Brad Lendon, CNN’s senior international military correspondent, has spent years producing uncritical coverage of U.S. military expansion in the Asia-Pacific region. In 2023, he wrote a glowing piece on Japan’s development of long-range missiles as a response to tensions with China, relying heavily on official government announcements, defense ministry press releases, and military-aligned publications while omitting any critical analysis of regional militarization or U.S. involvement. His reporting consistently aligns with Indo-Pacific Command’s messaging priorities, never citing anti-base movements, Global South analysts, or scholars of postcolonial military entanglement. His role is not to question empire’s narrative but to reinforce it—cleanly, efficiently, and with a journalist’s neutral mask.

CNN, Lendon’s platform, is not a neutral institution. Owned by Warner Bros. Discovery, its major shareholders include BlackRock and Vanguard—both of which hold stock in top weapons manufacturers. Thus CNN functions as a media amplifier for U.S. corporate-military interests. Its foreign affairs desk regularly sources from NATO-aligned think tanks like the Center for Strategic and International Studies (CSIS), where CNN contributors often serve as fellows. In 2024, CSIS received money from Lockheed Martin—a company whose weapons are sold to Japan as part of the very militarization this article normalizes. There is no disclosure of sourcing bias, no mention of the revolving door between U.S. intelligence and corporate media—just the illusion of objective reporting. CNN’s war drums come wrapped in the soft tones of professional decorum.

This article amplifies three central actors: Japanese Defense Minister Gen Nakatani, the Ministry of Defense white paper, and Admiral Samuel Paparo of the U.S. Indo-Pacific Command. Nakatani’s invocation of World War II frames the situation as an existential threat. The white paper declares the regional environment “the most severe” in 80 years, while Paparo chimes in to call China’s military growth “unprecedented.” None of these voices are interrogated; all are treated as authorities. The structural role they play in escalating tensions and justifying regional militarization is completely ignored.

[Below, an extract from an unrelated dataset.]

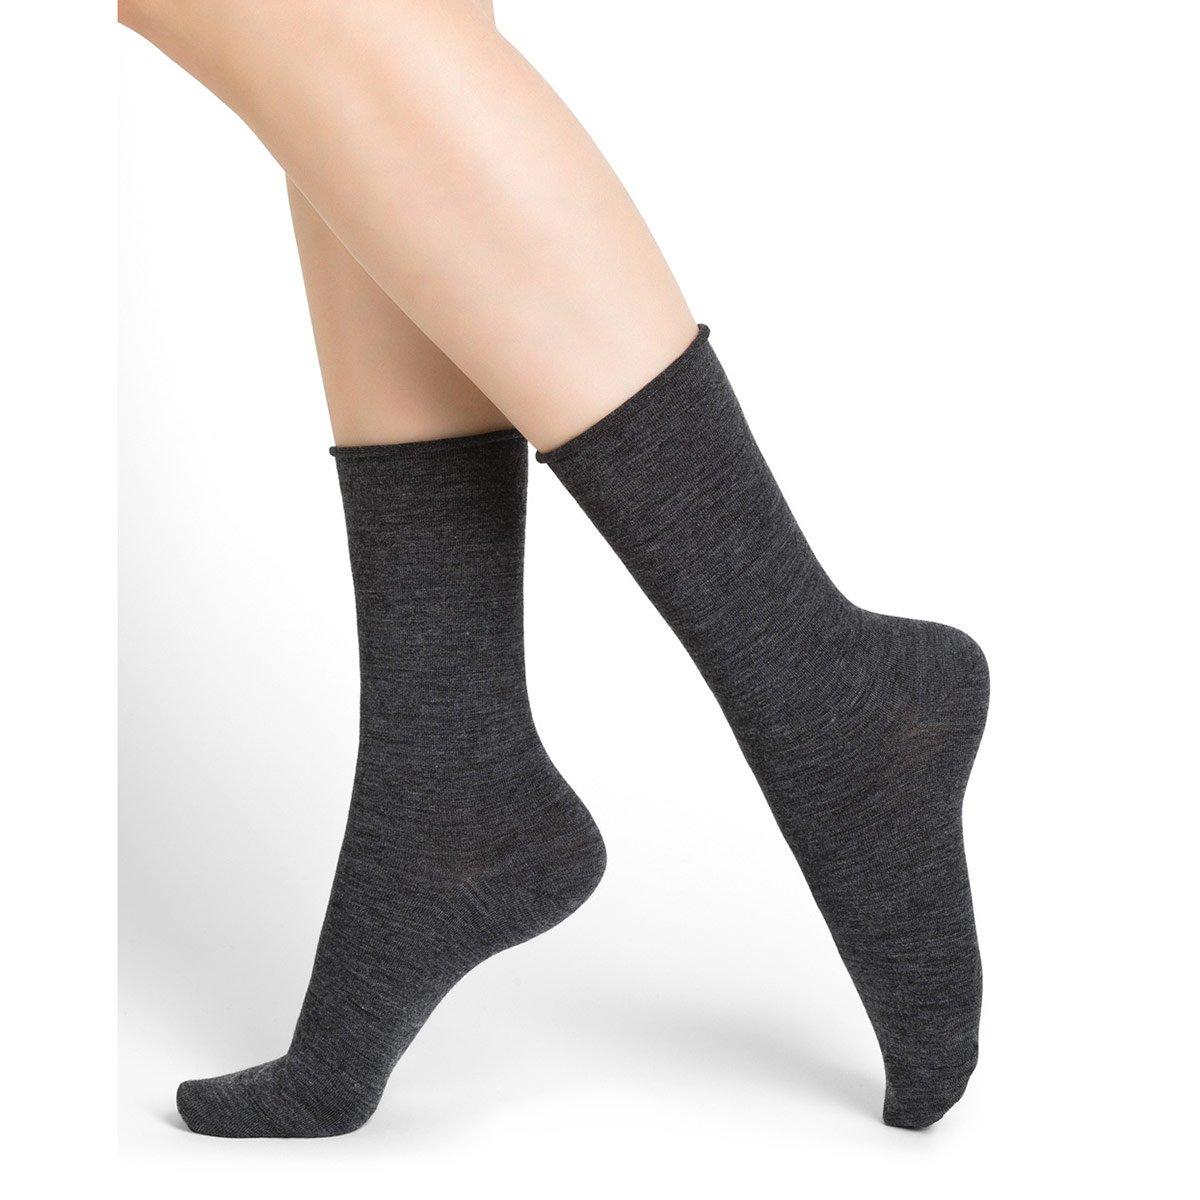 BLEUFORET | ladies socks wool cotton

The first propaganda mechanism deployed is crisis framing. Lendon anchors the piece in the claim that East Asia is now facing its gravest threat since the Second World War. This framing distorts both history and current power relations. It draws a straight line between fascist-era Japan and the People’s Republic of China—as if the roles had reversed—and presents military escalation as unfortunate necessity rather than calculated strategy.

Second is strategic omission. The article fails to mention the 119 U.S. military bases across Japan, including multiple sites in Okinawa that have long been contested by local communities. It does not mention the decades of U.S. pressure to reinterpret Article 9 of Japan’s constitution, or the reality that Japan’s defense posture is not sovereign but deeply subordinated to U.S. strategic command. These absences aren’t gaps in knowledge—they are features of an ideological filter designed to keep imperial scaffolding out of view.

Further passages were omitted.